In the invention, an anteroposterior direction of the metallic one-side tooth means a direction that becomes a tape width direction when the metallic one-side tooth is attached to a fastener tape, and a horizontal direction and a vertical direction of the metallic one-side tooth mean directions that become a tape front/back direction and a tape longitudinal direction when the metallic one-side tooth is attached to the fastener tape, respectively.

A metallic one-side tooth 1 according to this embodiment that is shown in FIG. 1 can be continuously manufactured by cutting a metallic wire rod called a Y bar at the predetermined thickness and performing press working on an interlock head portion 3 of the tooth from a vertical direction after the cutting. Alternatively, the metallic one-side tooth 1 according to this embodiment that is shown in FIG. 1 can be continuously manufactured by performing press working on a metal plate at least once and punching the metal plate subjected to the press working in an outer circumferential shape of the metallic one-side tooth 1.

By the press working described above, an interlock convex portion 4 can be formed on one surface of the interlock head portion 3 in a vertical direction, and an interlock dent portion 5 and an upper inclined plane 8 can be formed on the other surface. As will be described below, a lower inclined plane 10a and an upper inclined plane 8 of an inner circumferential surface 10 of the interlock dent portion 5 that are surfaces at the side of an apical edge of the interlock head portion 3 are formed in simple shapes to be joined. By this configuration, even though plural molds for the press working are not prepared, the interlock dent portion 5 and the upper inclined plane 8 can be formed by at least one-time press working.

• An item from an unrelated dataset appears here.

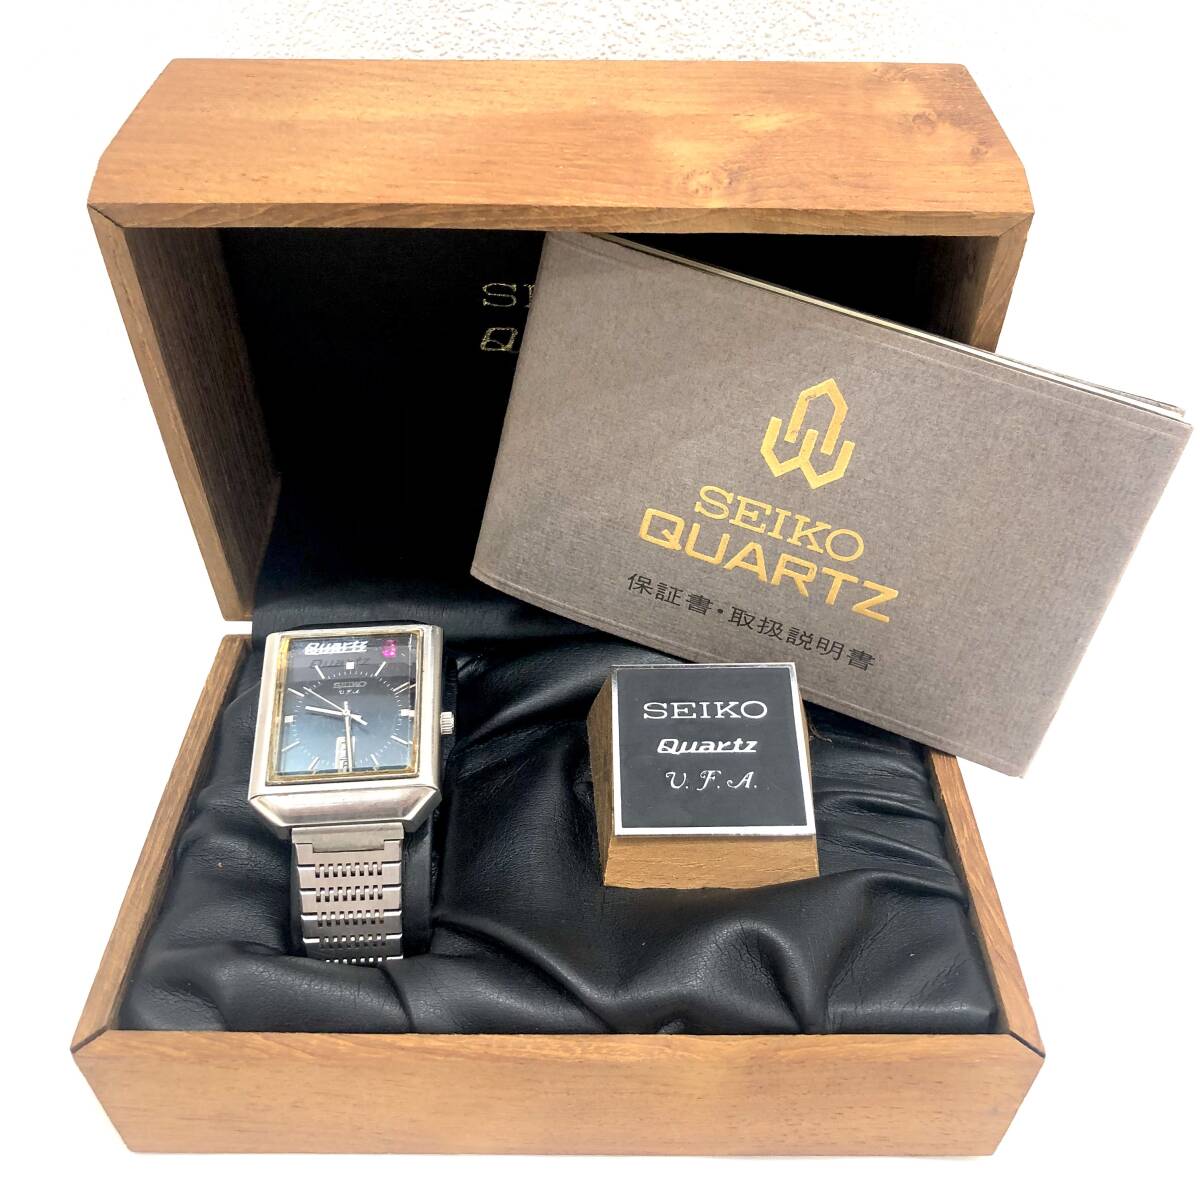 (M4043) SEIKO QUARTZ VFA 水晶発振式腕時計 セイコー クオーツ 木製BOX付の画像1
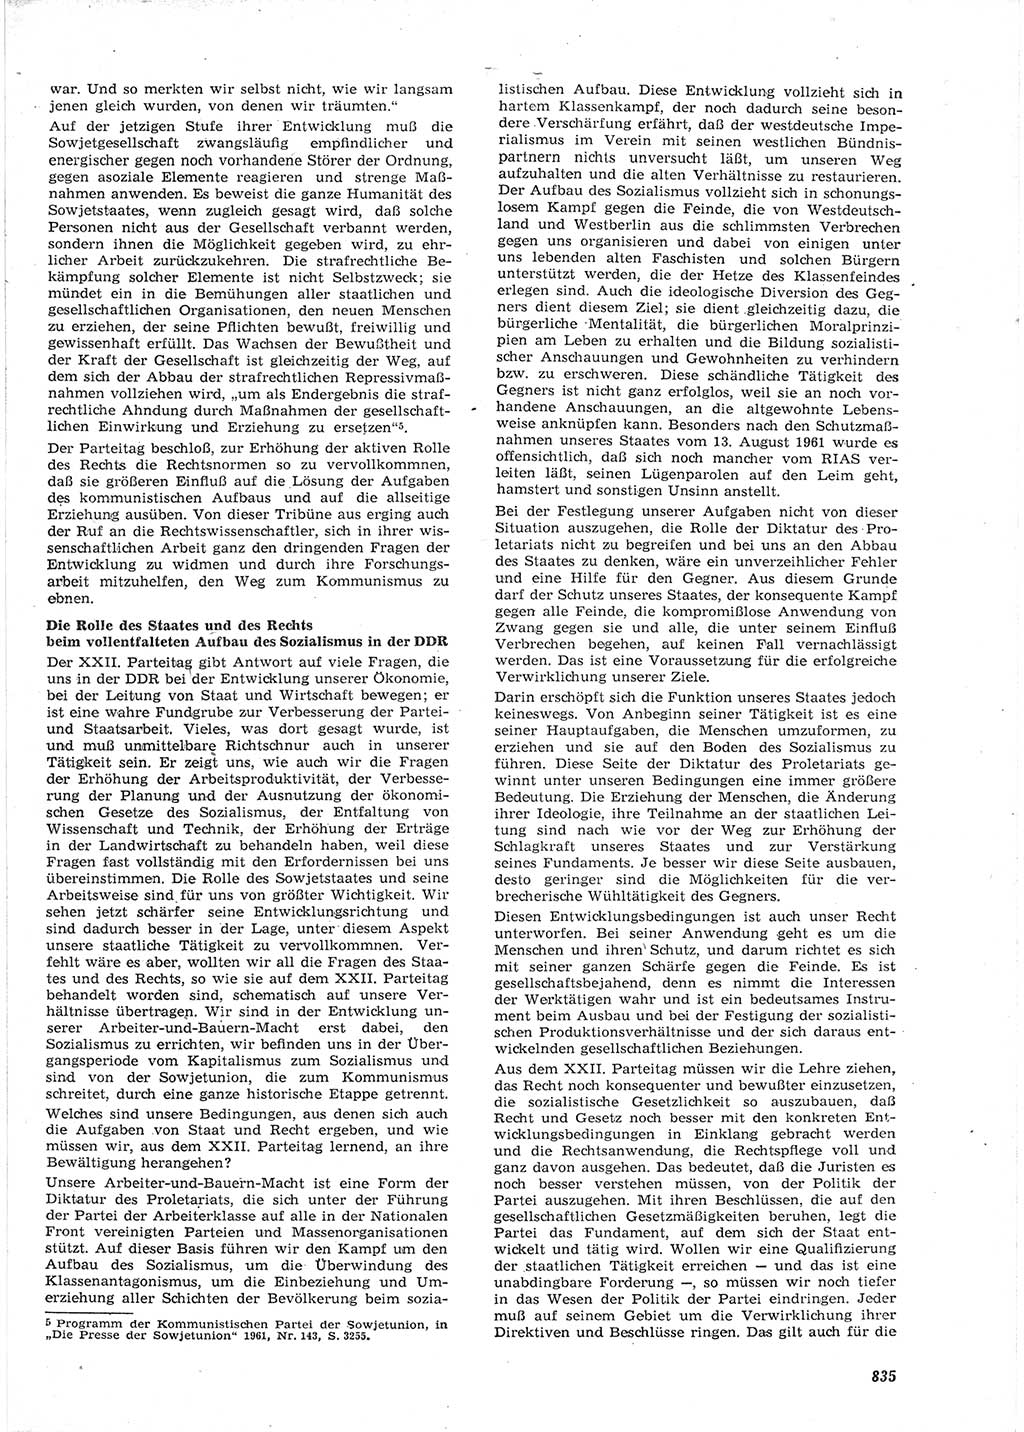 Neue Justiz (NJ), Zeitschrift für Recht und Rechtswissenschaft [Deutsche Demokratische Republik (DDR)], 15. Jahrgang 1961, Seite 835 (NJ DDR 1961, S. 835)

As shown in FIGS. 1 and 2, a pair of left and right legs 2 are formed at the rear side of the metallic one-side tooth 1. In the interlock head portion 3 at the front side of the metallic one-side tooth 1, an interlock convex portion 4 (refer to FIGS. 2(b) and 2(c)) is formed on one side of the metallic one-side tooth 1 in a vertical direction and the interlock dent portion 5 is formed on the other side.

The downward inclined upper inclined plane 8 is formed toward an inner portion of the interlock dent portion 5 from the side of the apical edge 7 of the front side of the interlock head portion 3 at the other side of the metallic one-side tooth 1. The upper inclined plane 8 can be formed by performing the press working as described above. However, the upper inclined plane 8 may be formed on the side of the apical edge 7 of the interlock head portion 3 by performing cutting working or grinding working, without performing the press working. However, when the upper inclined plane 8 is formed by the press working, working hardening can be generated by plastic deformation of when the upper inclined plane 8 is formed. Therefore, rigidity of the upper inclined plane 8 can be enhanced.

As shown in FIGS. 2(a) to 2(c), the inner circumferential surface 10 of the interlock dent portion 5 has a cone shape and is configured to extend outward from a bottom surface 5b of the interlock dent portion 5. Of the inner circumferential surface 10 of the interlock dent portion 5, the lower inclined plane 10a of the interlock head portion 3 at the side of the apical edge 7 is joined to the upper inclined plane 8 and the opening edge 5a of the interlock dent portion 5.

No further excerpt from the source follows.